Same-store sales in the quarter rose 0.6 percent in the quarter. The comparable went up against last year’s stimulus checks and also was impacted by the war in Ukraine and inflation.

That was felt in the second week of March in particular for Tuesday Morning as a result of the macro environment, with executives pointing out that business has trended upward since then.

The company’s projecting same-store sales in the current quarter to be down in the range of 3 percent and 5 percent.

Net Earnings: The retailer narrowed its losses in the April quarter, with a net loss of $18.2 million. That compares with a $37.1 million loss in the year-ago period.

The impact of supply chain constraints and higher freight costs were a 390-basis point drag on the company’s gross margin in the quarter, which totaled $38.9 million. That compares with $48.2 million a year ago.

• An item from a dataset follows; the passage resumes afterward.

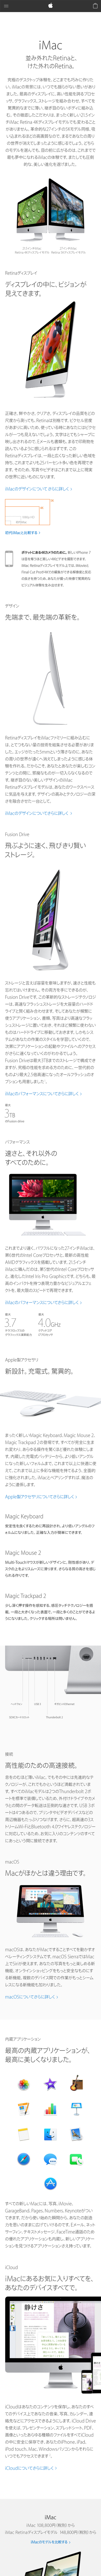 iMac_sp_1

Tuesday Morning said it expects adjusted earnings before interest, taxes, depreciation and amortization for the current fiscal year to be a loss of $26 million to $29 million, driven by more markdowns and expected declines in the fourth quarter.

CEO’s Take: “In light of the many macro headwinds, we are very fortunate to have an experienced leadership team who remain vigilant on expense controls while continuing to make progress on our priorities… times like these historically has been a positive for off-price and we have an experienced off-price buying team to take advantage of the opportunity,” Hand said.

The retailer is looking to capitalize on more inventory filling the market to stock its stores.

Said Hand: “Long story short, the current environment is conducive to off-price buying.”